[TASK DETAILS]
The required answer is the data below, restated word for word with images omitted.

[INFORMATION SHOWN]
= = = =
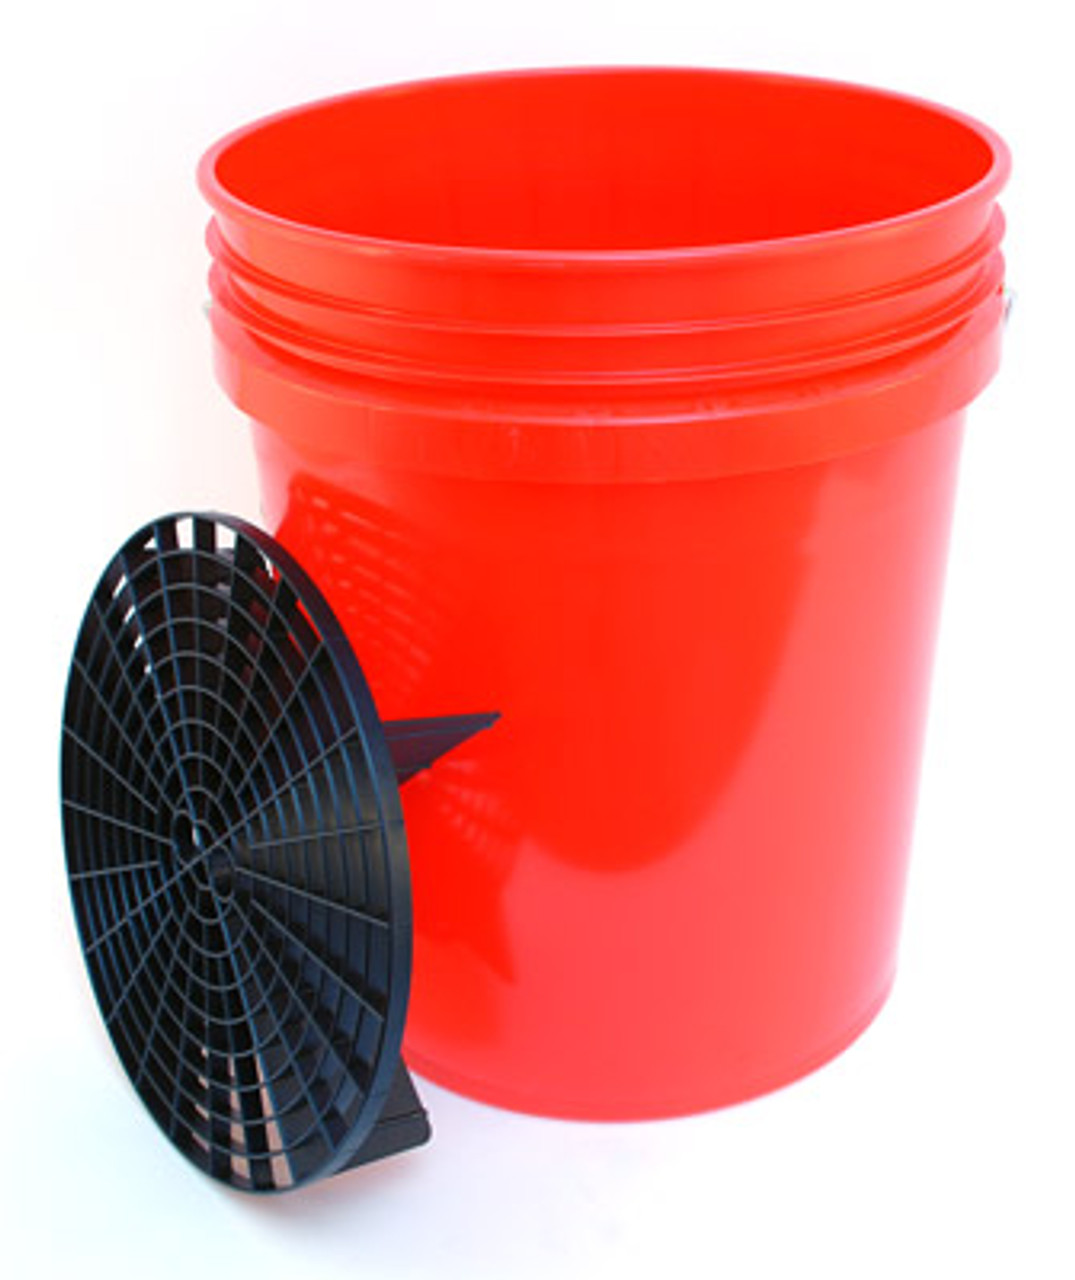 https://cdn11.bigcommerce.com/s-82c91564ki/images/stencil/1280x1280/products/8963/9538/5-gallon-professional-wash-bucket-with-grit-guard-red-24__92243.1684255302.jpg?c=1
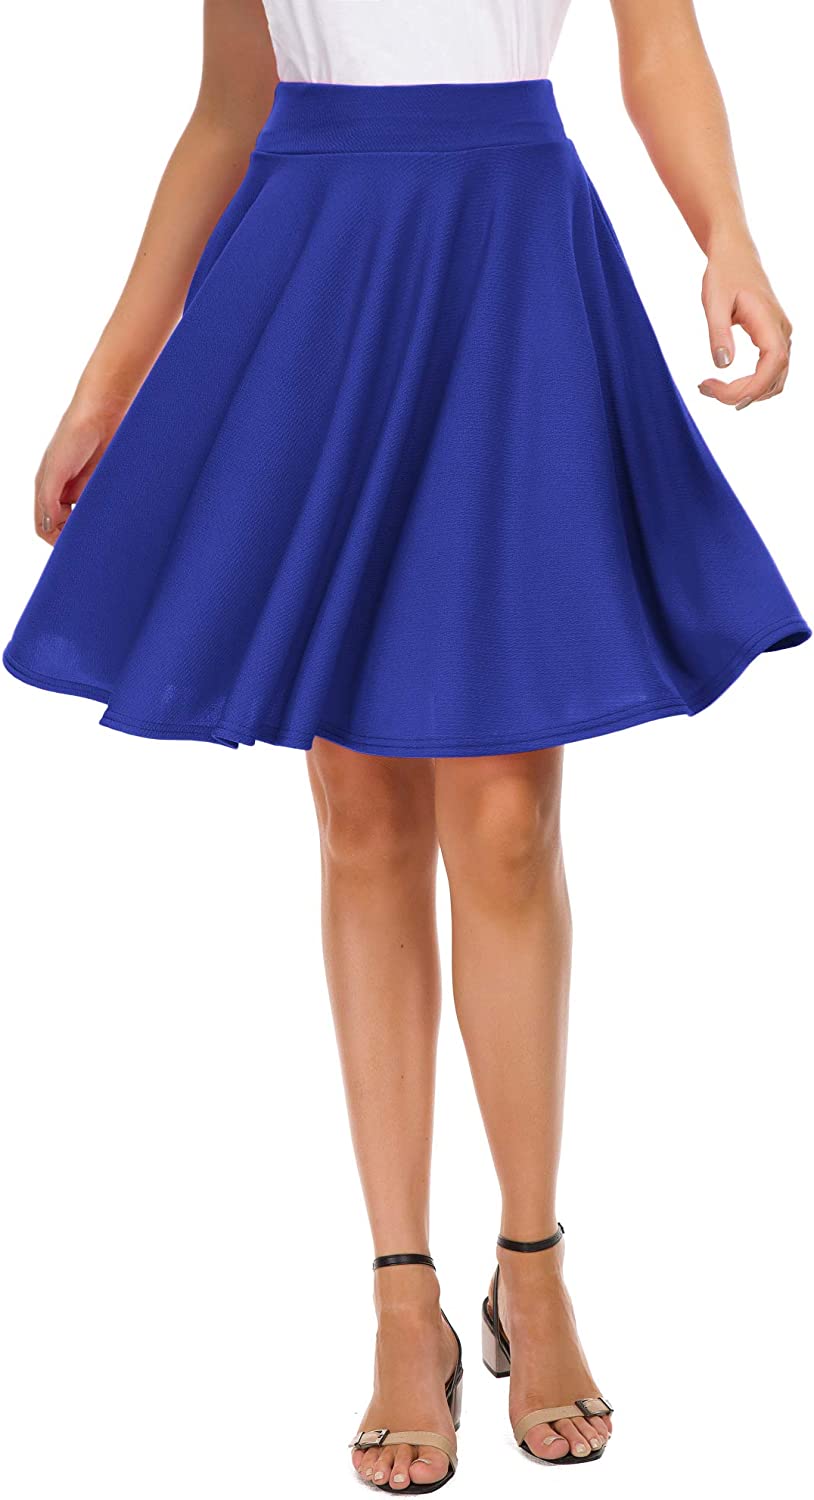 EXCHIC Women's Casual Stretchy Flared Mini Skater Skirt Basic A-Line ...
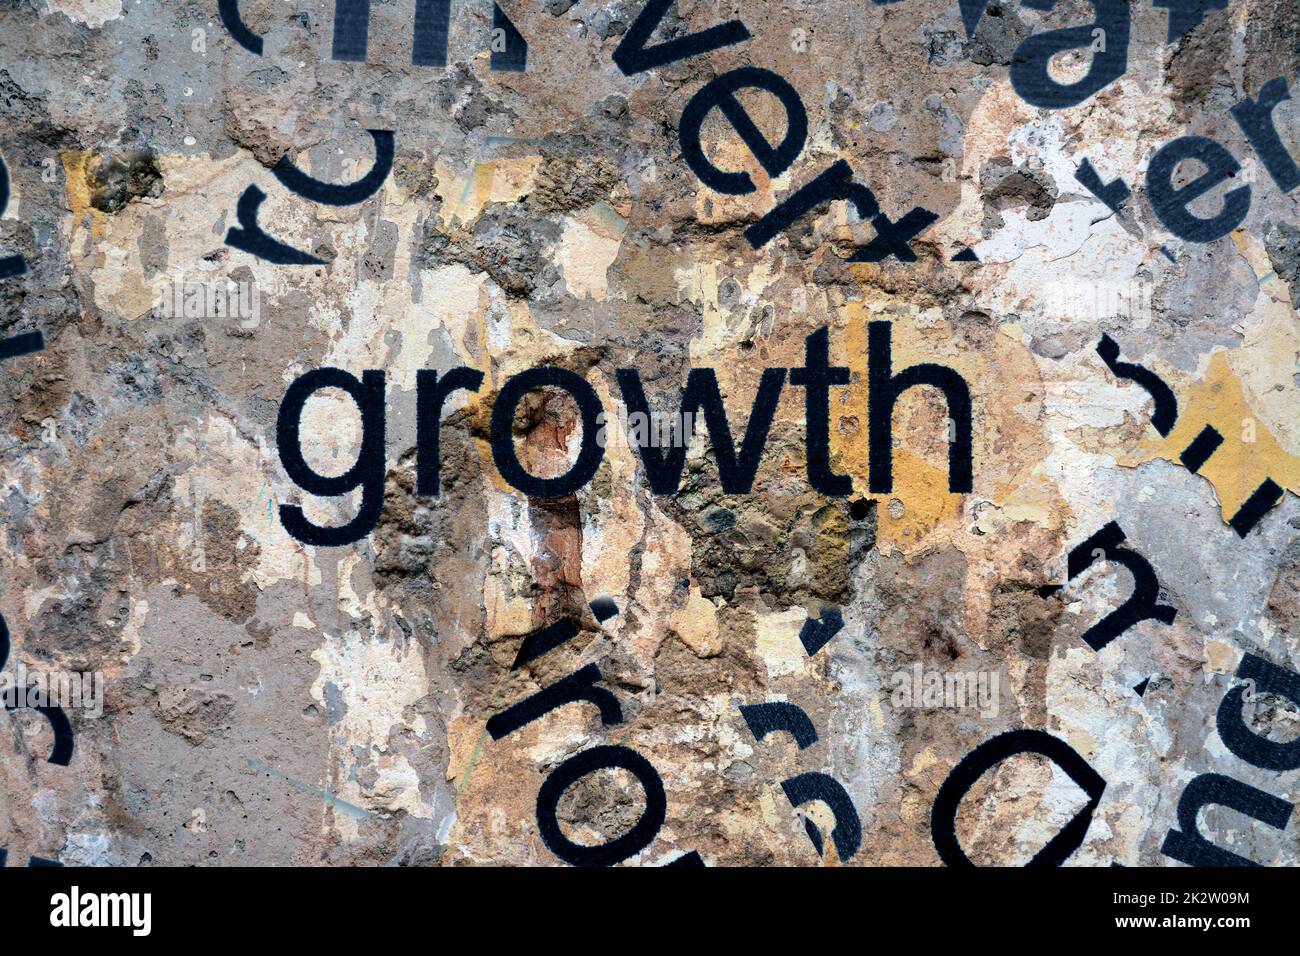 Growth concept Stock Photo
= = = =
[ANSWER TO THIS TASK]
 https://cdn11.bigcommerce.com/s-82c91564ki/images/stencil/1280x1280/products/8963/9538/5-gallon-professional-wash-bucket-with-grit-guard-red-24__92243.1684255302.jpg?c=1
 EXCHIC Women's Casual Stretchy Flared Mini Skater Skirt Basic A-Line ...
 Growth concept Stock Photo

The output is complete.